Diagnostics¶
shiftkit.diagnostics provides visualisation tools for inspecting latent spaces, classification performance, and training dynamics.
plot_latent_space¶
Encode samples from source and target loaders, project to 2-D, and plot two panels:
- Left — coloured by domain (source = blue, target = orange)
- Right — coloured by class label (10 colours)

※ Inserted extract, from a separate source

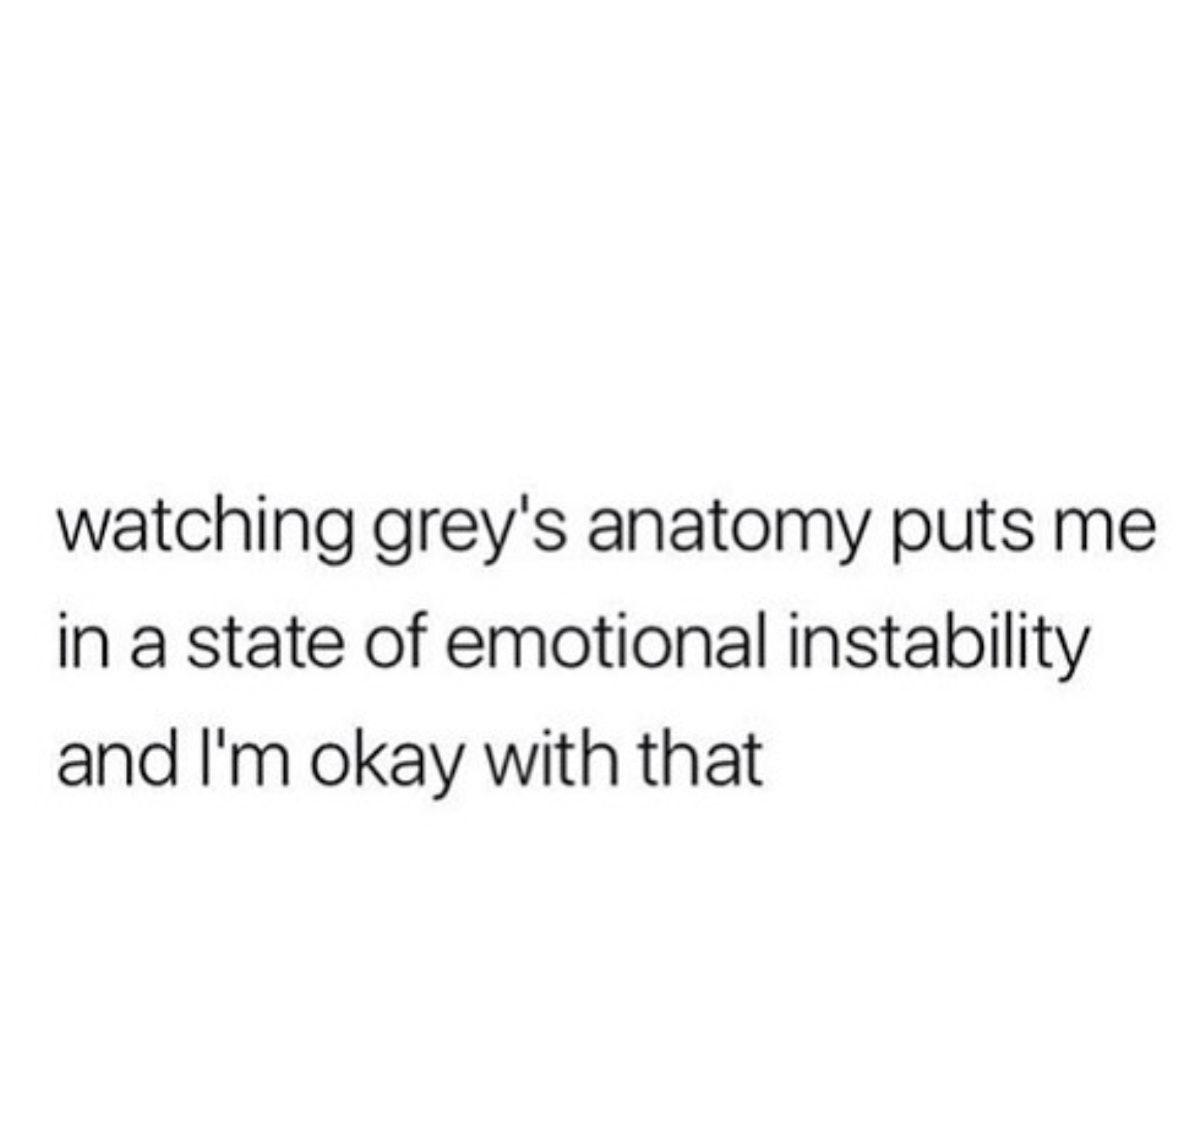 'Grey's Anatomy' meme

Three projection methods are available via the projection parameter:
t-SNE, Isomap, and UMAP.
from shiftkit.diagnostics import plot_latent_space
# t-SNE (default)
fig = plot_latent_space(
model=model,
source_loader=test_src,
target_loader=test_tgt,
max_samples=2000,
projection="tsne",
title="CNN + MMD",
save_path="outputs/latent_space.png",
show=False,
)
# Isomap
fig = plot_latent_space(model, test_src, test_tgt,
projection="isomap", n_neighbors=10)
# UMAP
fig = plot_latent_space(model, test_src, test_tgt,
projection="umap", n_neighbors=15, min_dist=0.1)
Parameters¶
| Parameter | Type | Default | Description |
|---|---|---|---|
model |
nn.Module |
— | Trained model with .encode() method |
source_loader |
DataLoader |
— | Source domain DataLoader |
target_loader |
DataLoader |
— | Target domain DataLoader |
max_samples |
int |
2000 |
Max samples per domain |
projection |
str |
"tsne" |
Projection method: "tsne", "isomap", or "umap" |
perplexity |
float |
30.0 |
t-SNE perplexity (t-SNE only) |
n_iter |
int |
1000 |
t-SNE number of iterations (t-SNE only) |
n_neighbors |
int |
15 |
Neighbourhood size (Isomap and UMAP) |
min_dist |
float |
0.1 |
Minimum distance between embedded points (UMAP only) |
title |
str |
"Latent Space" |
Figure suptitle |
save_path |
str \| None |
None |
If set, save figure to this path |
class_names |
list \| None |
None |
Class label strings; uses integers if None |
show |
bool |
True |
Whether to call plt.show() |
Returns: matplotlib.figure.Figure
Interpreting the domain panel
A well-adapted model will show blue and orange points interleaved in the domain panel — the encoder has learned to ignore domain-specific variation. A non-adapted model will show two clearly separated clusters.
compare_latent_spaces¶
Compare latent spaces of multiple models in a single figure. Each model gets one row with the same two panels (by domain, by class). Rows appear in dict insertion order.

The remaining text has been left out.